Aan de basis van dit onderzoek staan vier hypotheses:

·         Participanten zullen een bedrijf als menselijker ervaren wanneer op hun social media pagina een menselijke aanwezigheid is en geen organisatorische aanwezigheid.

·         Participanten zullen hun relatie met het bedrijf als prettiger ervaren wanneer op hun social media pagina een menselijke aanwezigheid is en geen organisatorische aanwezigheid.

·         Participanten zullen meer geneigd zijn om dialogen met een bedrijf aan te gaan wanneer op hun social media pagina een menselijke aanwezigheid is en geen organisatorische aanwezigheid.
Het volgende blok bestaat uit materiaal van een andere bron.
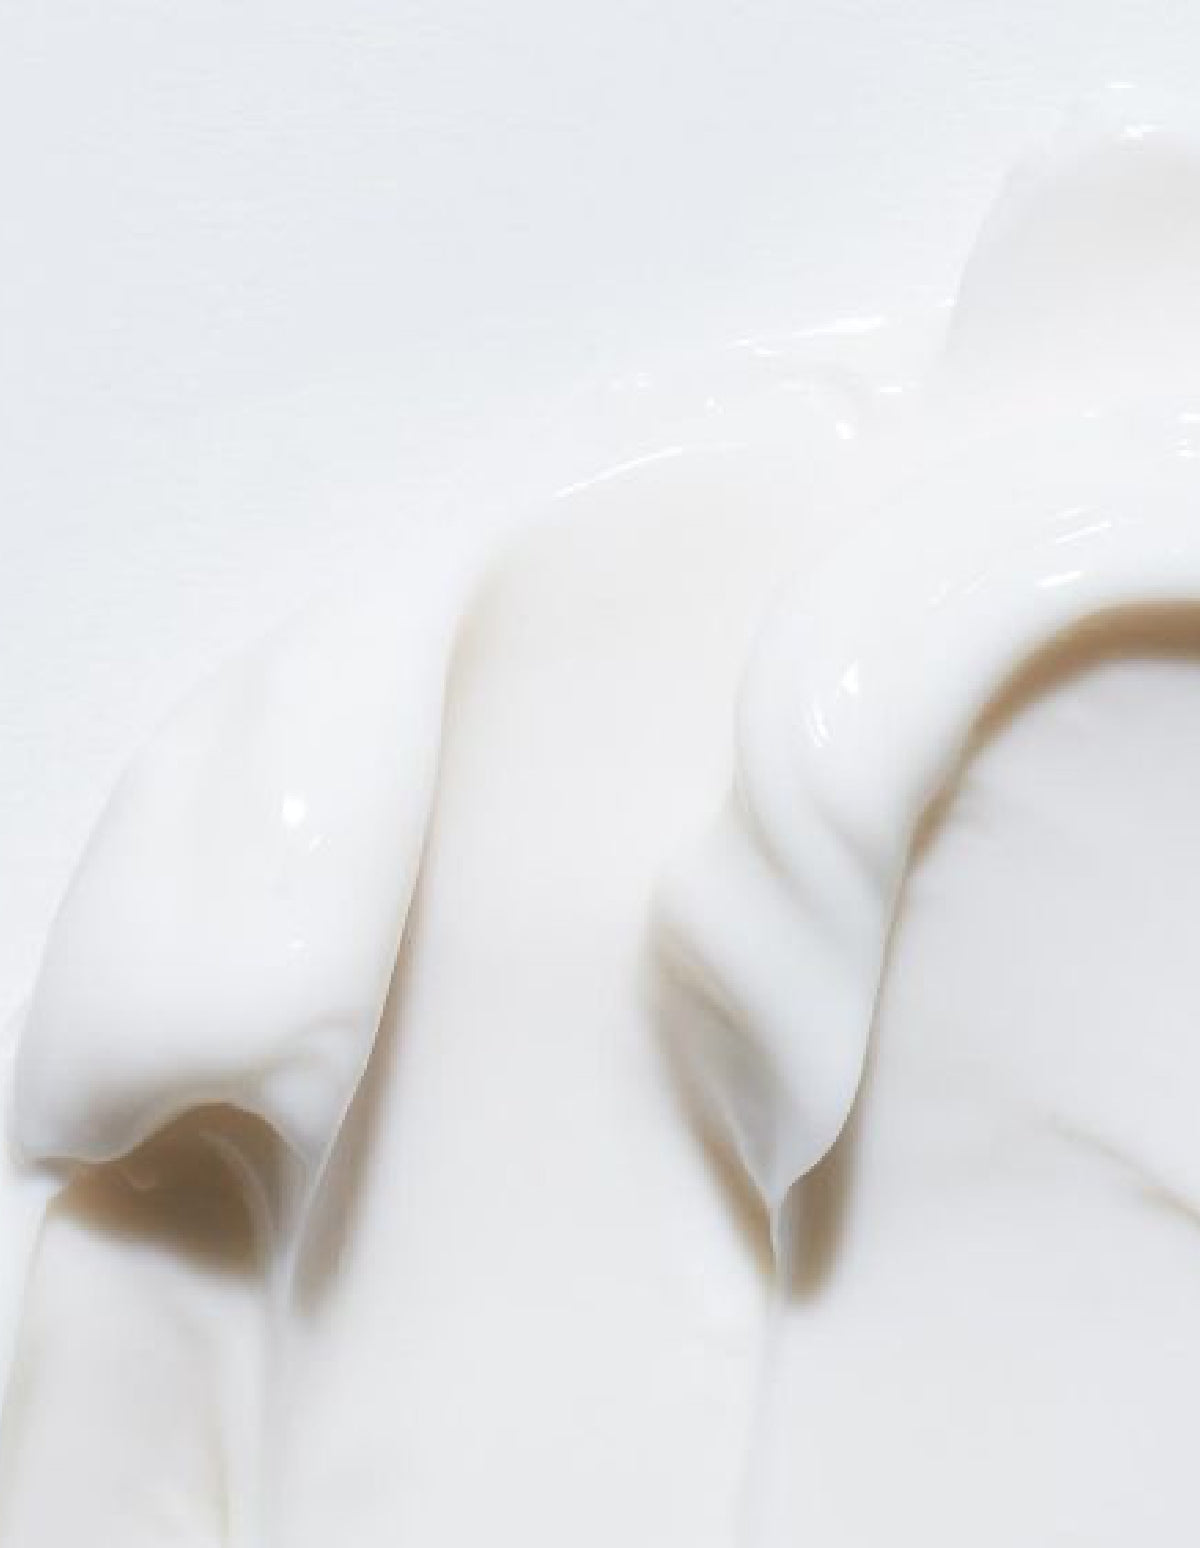 Creamask Kırılma Karşıtı, Bağ Güçlendirici Durulanmayan Bakım Kremi / 250 ml

·         Participanten zullen meer geneigd zijn om positieve mond tot mond reclame voor een bedrijf te maken wanneer op hun social media pagina een menselijke aanwezigheid is en geen organisatorische aanwezigheid.
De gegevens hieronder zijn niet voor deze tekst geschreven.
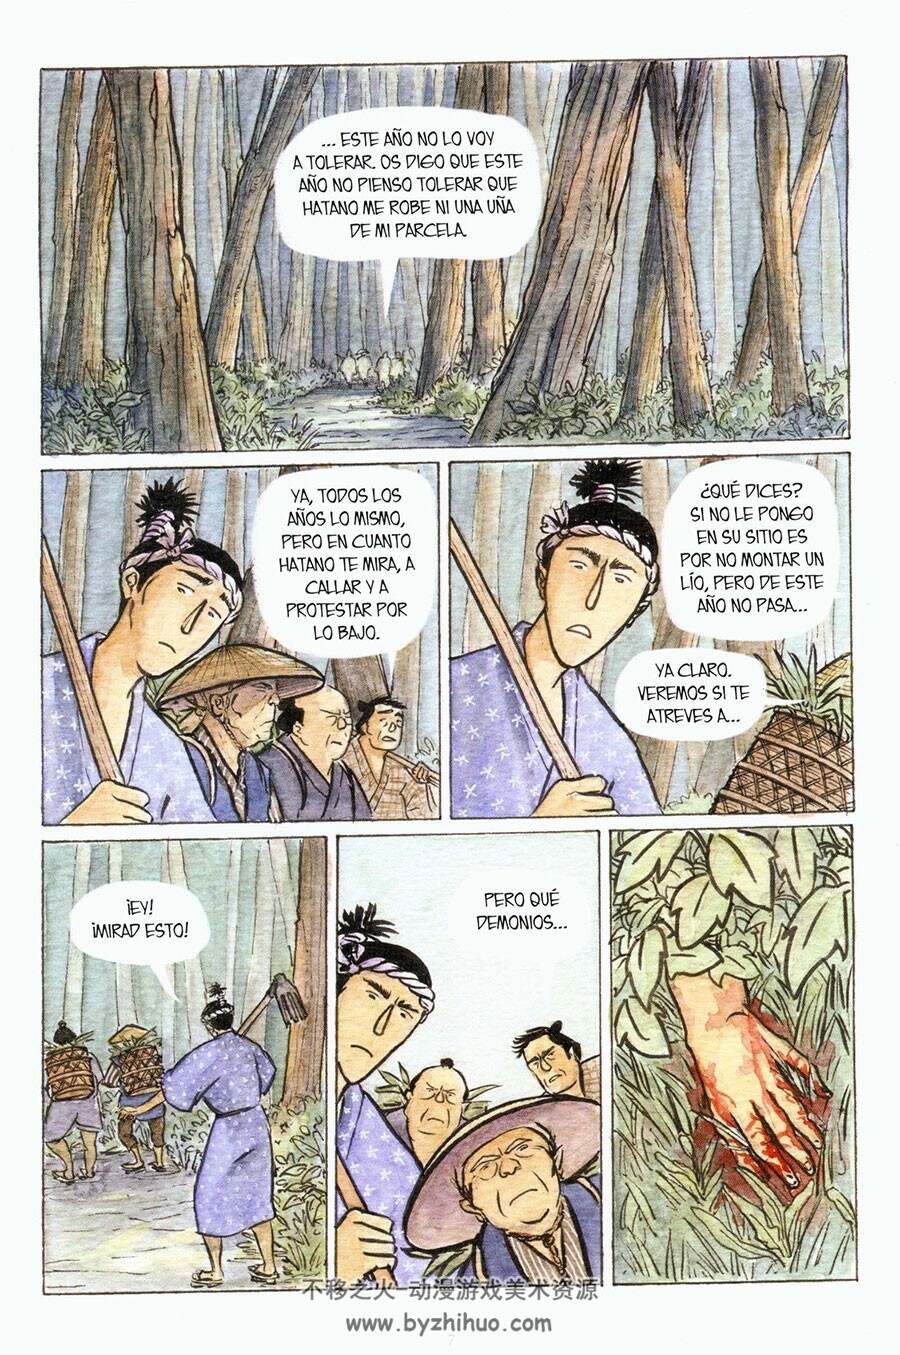 La hierba del estío 全一册 Lagartos Raquel 手绘彩色水彩西班牙语漫画

Voor het onderzoek werden vier verschillende Twitter-accounts gestart: een account met menselijke aanwezigheid voor een non-profitbedrijf, een account met organisatorische aanwezigheid voor een non-profitbedrijf, een account met menselijke aanwezigheid voor een profitbedrijf en een account met organisatorische aanwezigheid voor een profitbedrijf. Op zowel de accounts met menselijke als organisatorische aanwezigheid werden berichten geplaatst over bijvoorbeeld recente gebeurtenissen binnen het bedrijf, nieuwe aangeboden producten en reacties van andere Twitter-gebruikers. Het enige verschil tussen de accounts was dat degenen met menselijke aanwezigheid een naam en foto van een persoon bevatten.

 

De invloed van menselijke aanwezigheid
Voor het onderzoek werd een enquête afgenomen bij veertig Amerikaanse journalistiek-studenten; 31 vrouwen en 9 mannen tussen de 20 en 22 jaar. Zij werden ieder blootgesteld aan één willekeurige Twitter-account, waarna ze een vragenlijst invulden over de manier waarop ze dit account ervaarden.

De eerstgenoemde hypothese dat participanten hun relatie met het bedrijf als prettiger zullen ervaren wanneer op hun social media pagina een menselijke aanwezigheid is en geen organisatorische aanwezigheid wordt door de resultaten van het onderzoek ondersteund. Ook de tweede hypothese dat participanten hun relatie met het bedrijf als prettiger ervaren wanneer op hun social media pagina een menselijke aanwezigheid is en geen organisatorische aanwezigheid werd door de resultaten van het onderzoek ondersteund.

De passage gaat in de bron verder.